Exercise data
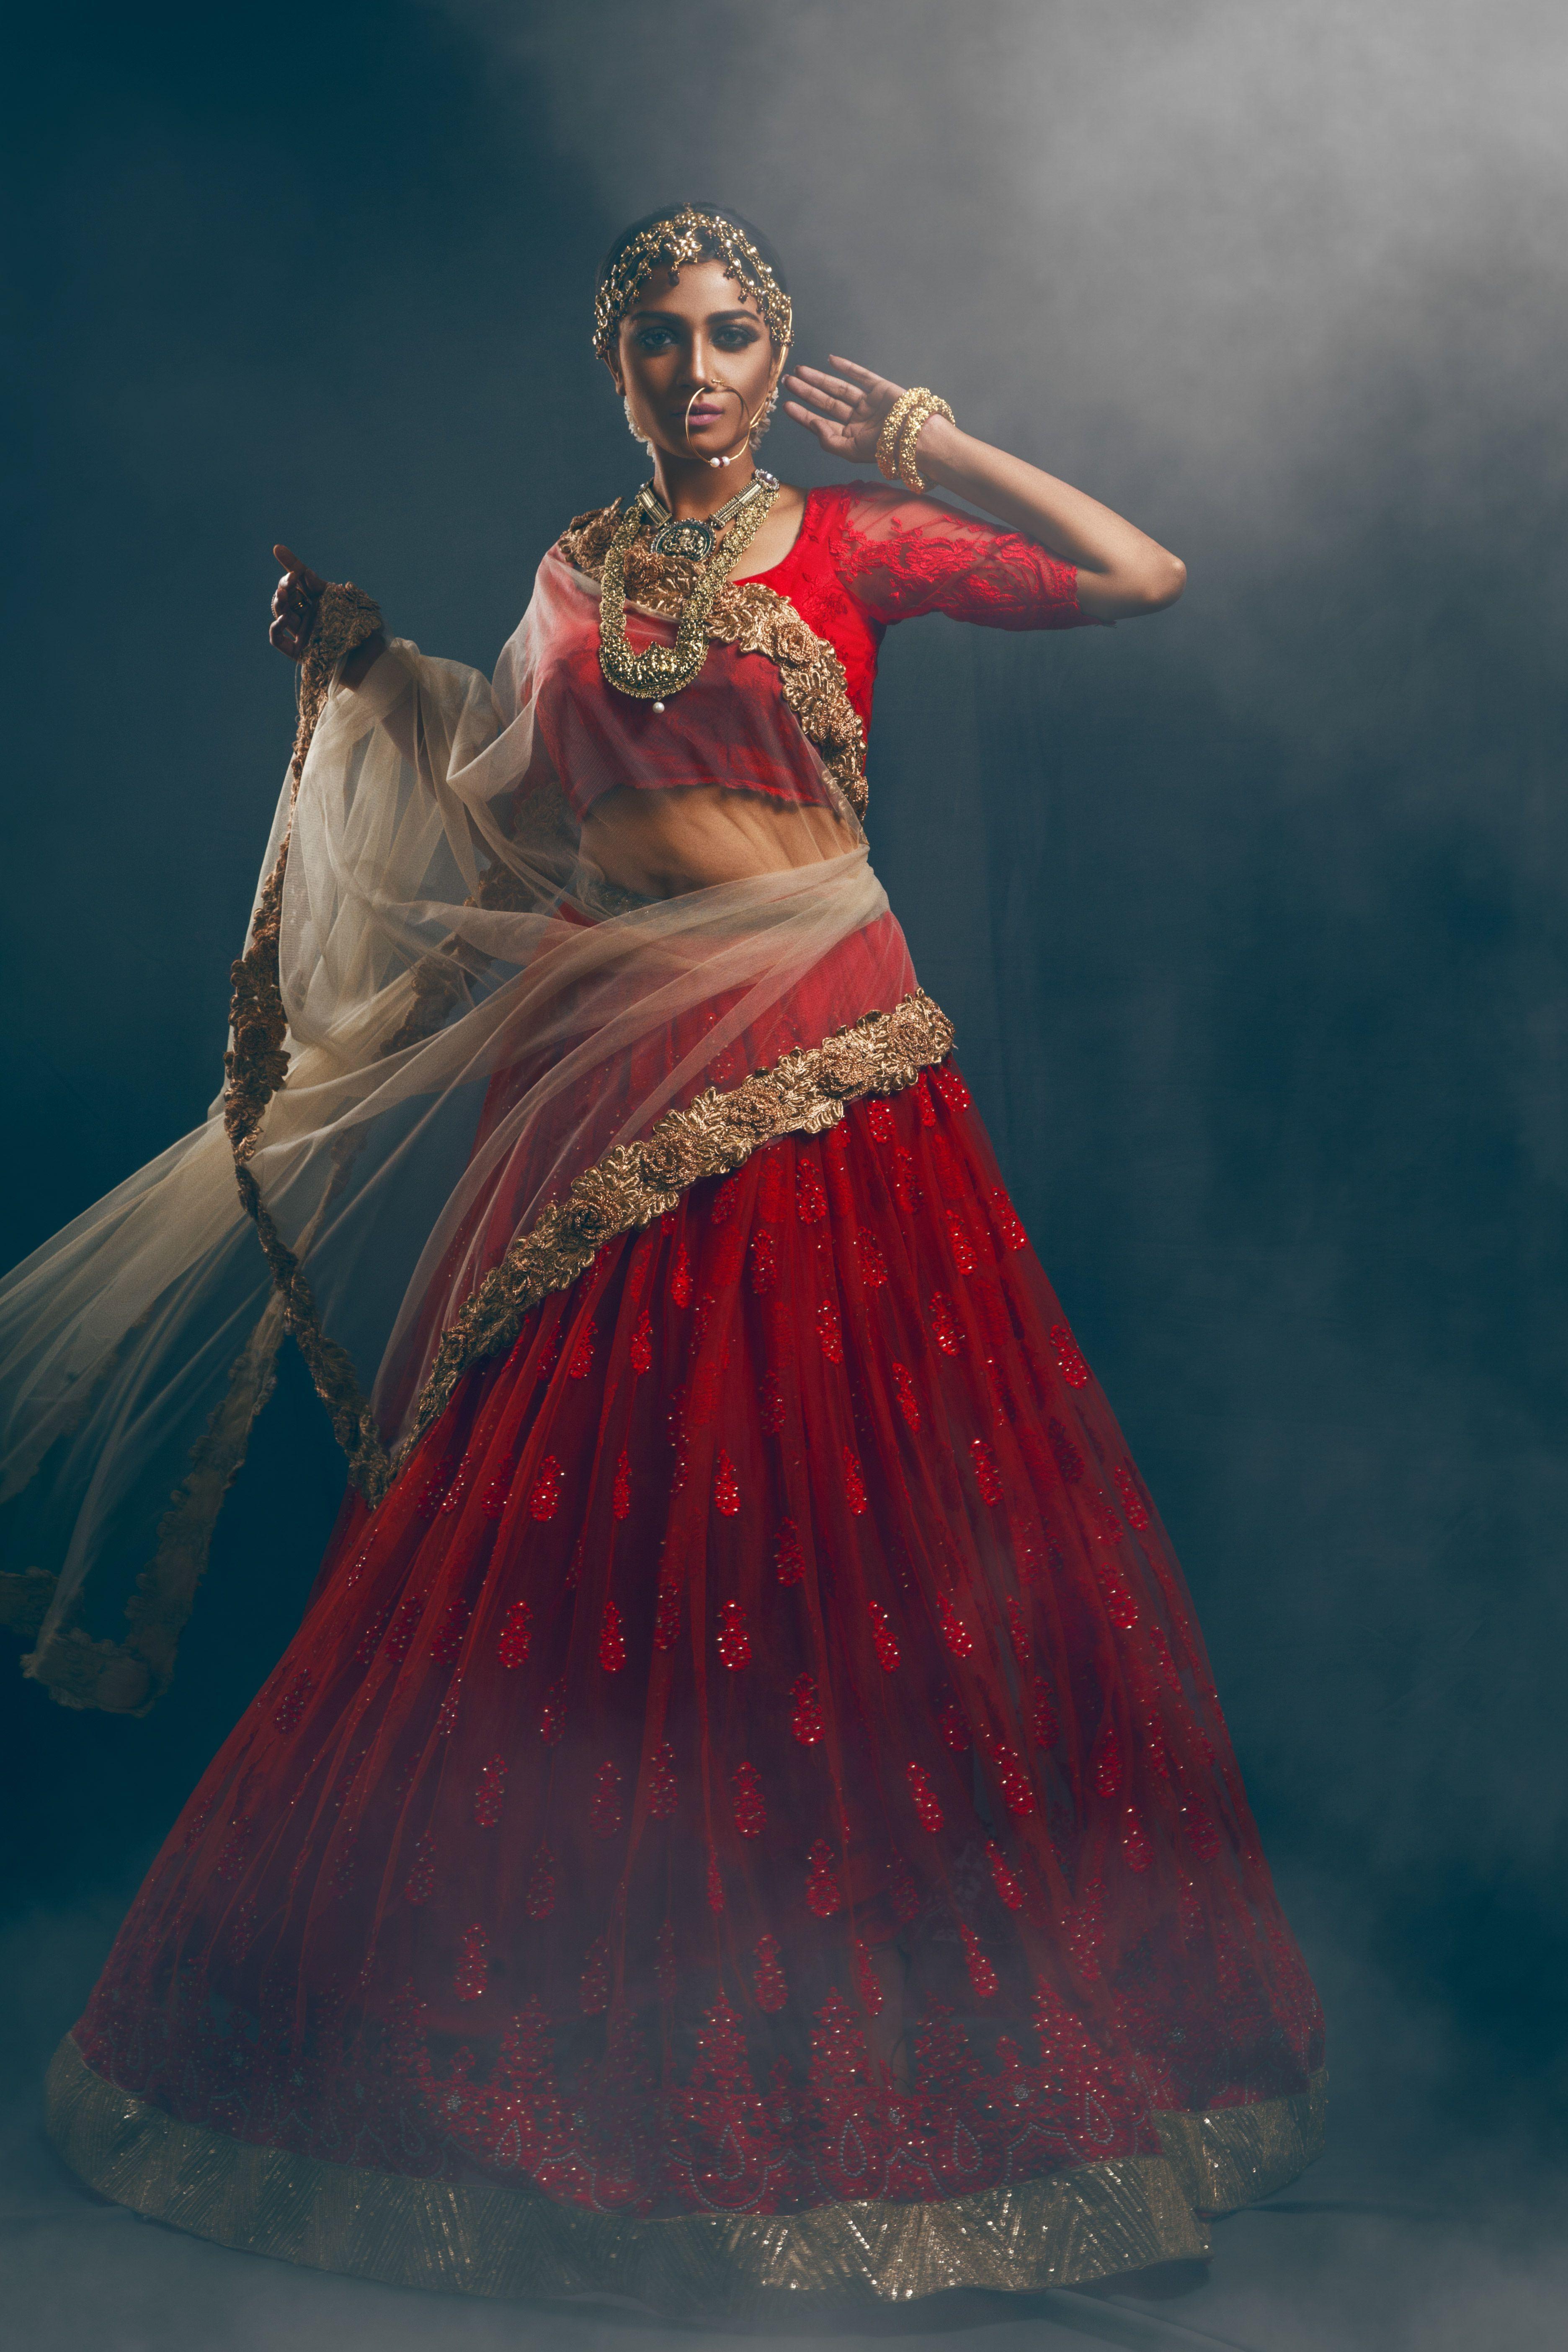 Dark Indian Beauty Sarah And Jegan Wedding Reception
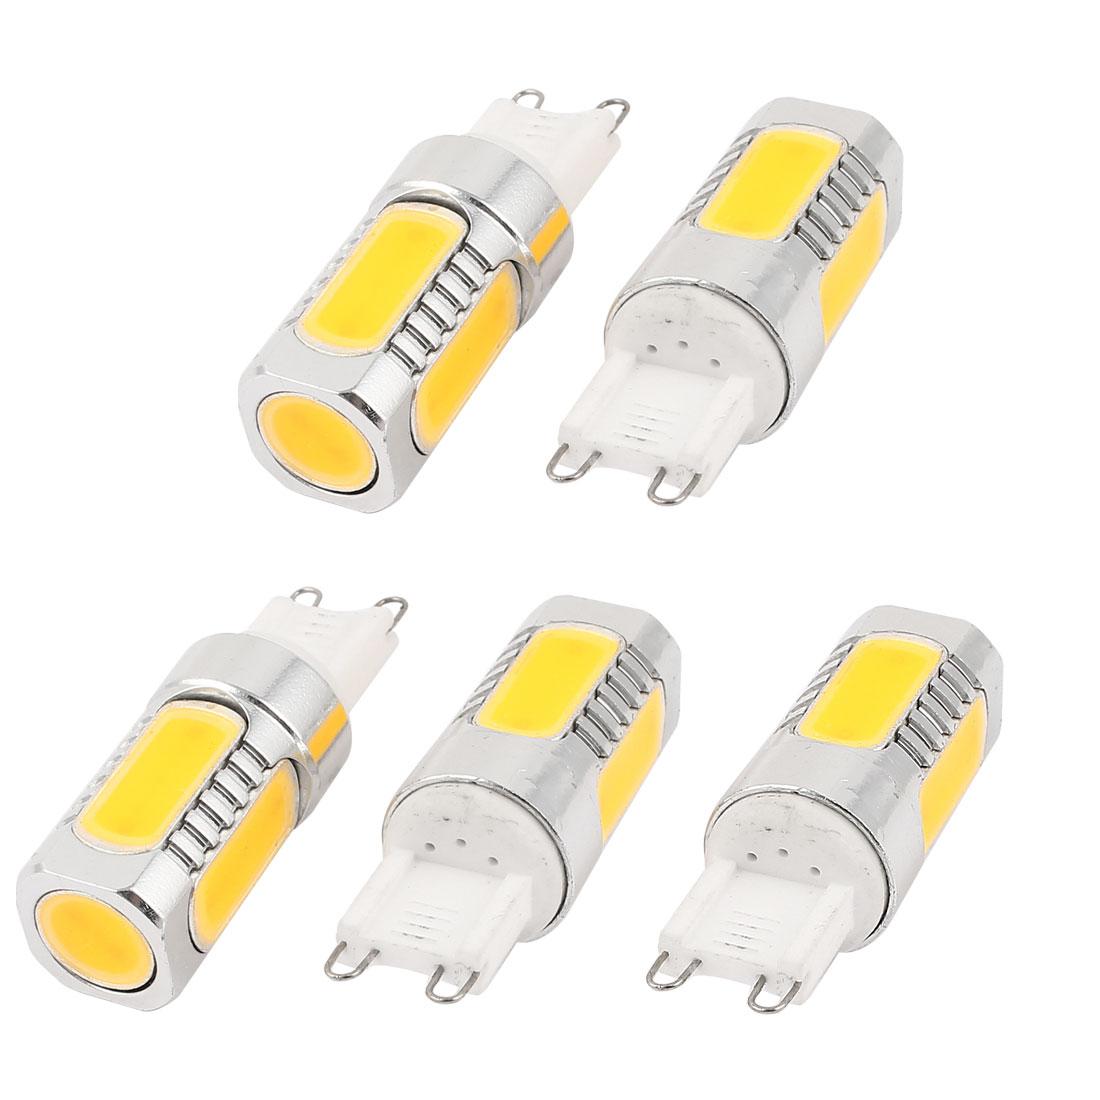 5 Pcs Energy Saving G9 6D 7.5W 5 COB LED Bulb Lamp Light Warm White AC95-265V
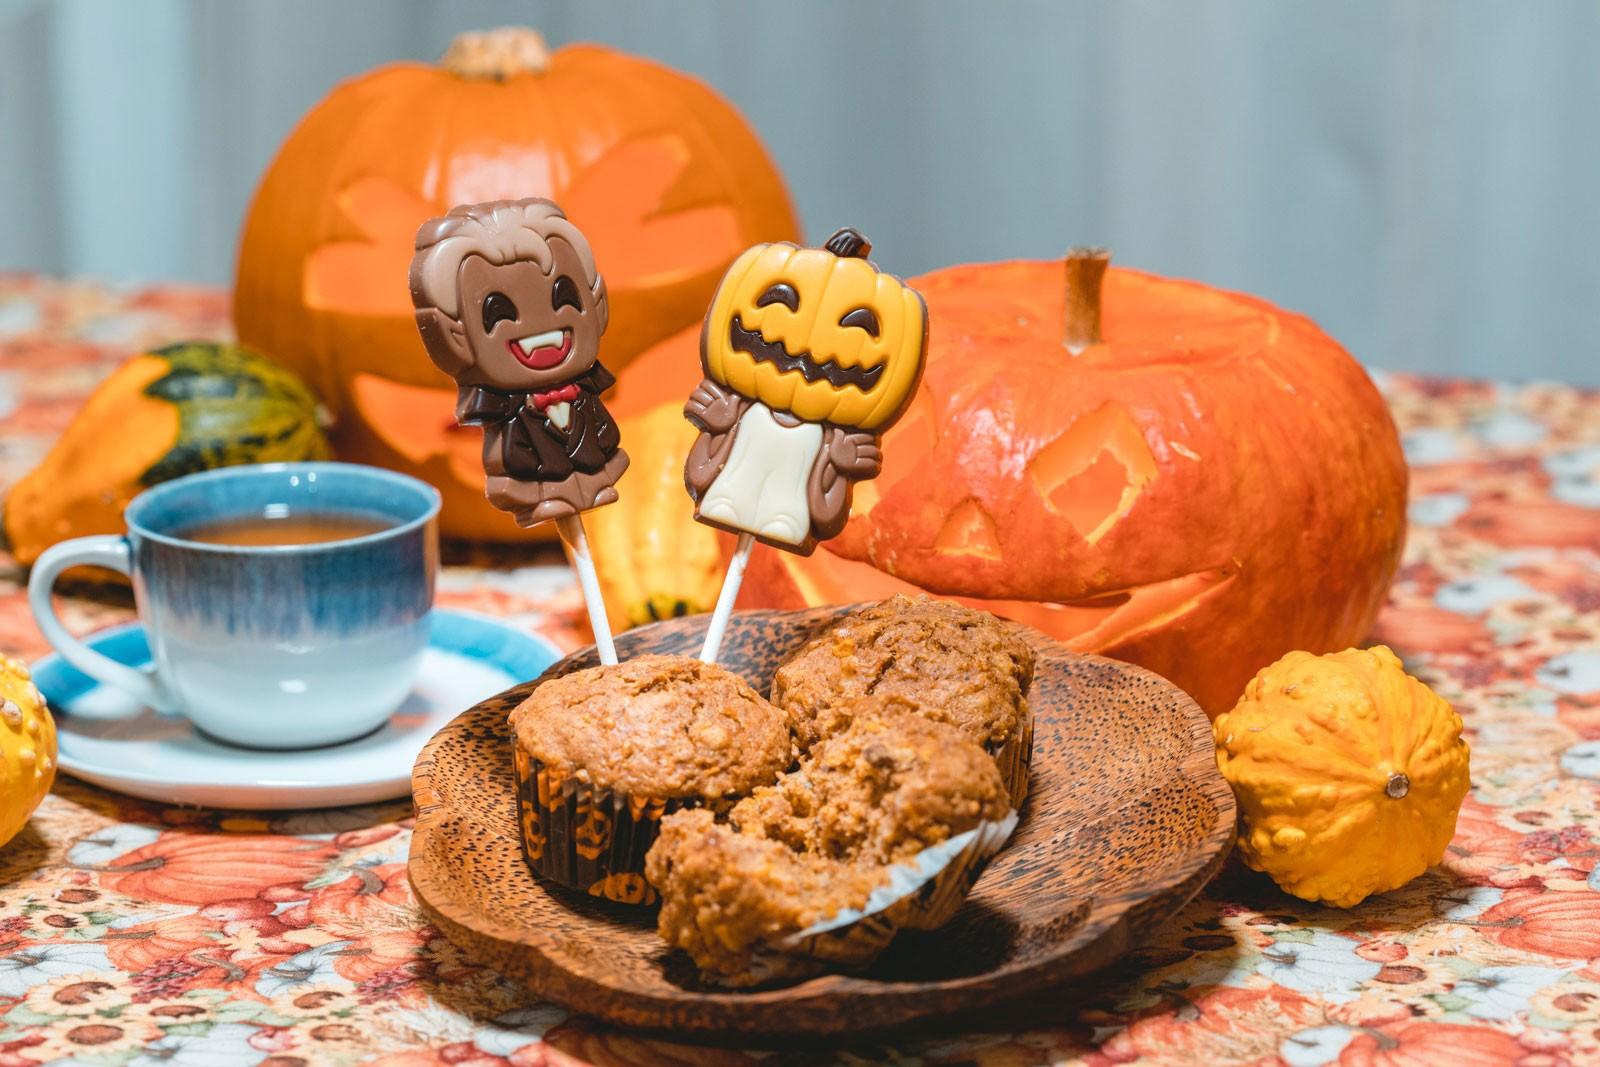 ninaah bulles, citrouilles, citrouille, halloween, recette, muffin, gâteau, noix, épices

What you should do
Restate each line of the material word for word, skipping any picture.

Response to this exercise
 Dark Indian Beauty Sarah And Jegan Wedding Reception
 5 Pcs Energy Saving G9 6D 7.5W 5 COB LED Bulb Lamp Light Warm White AC95-265V
 ninaah bulles, citrouilles, citrouille, halloween, recette, muffin, gâteau, noix, épices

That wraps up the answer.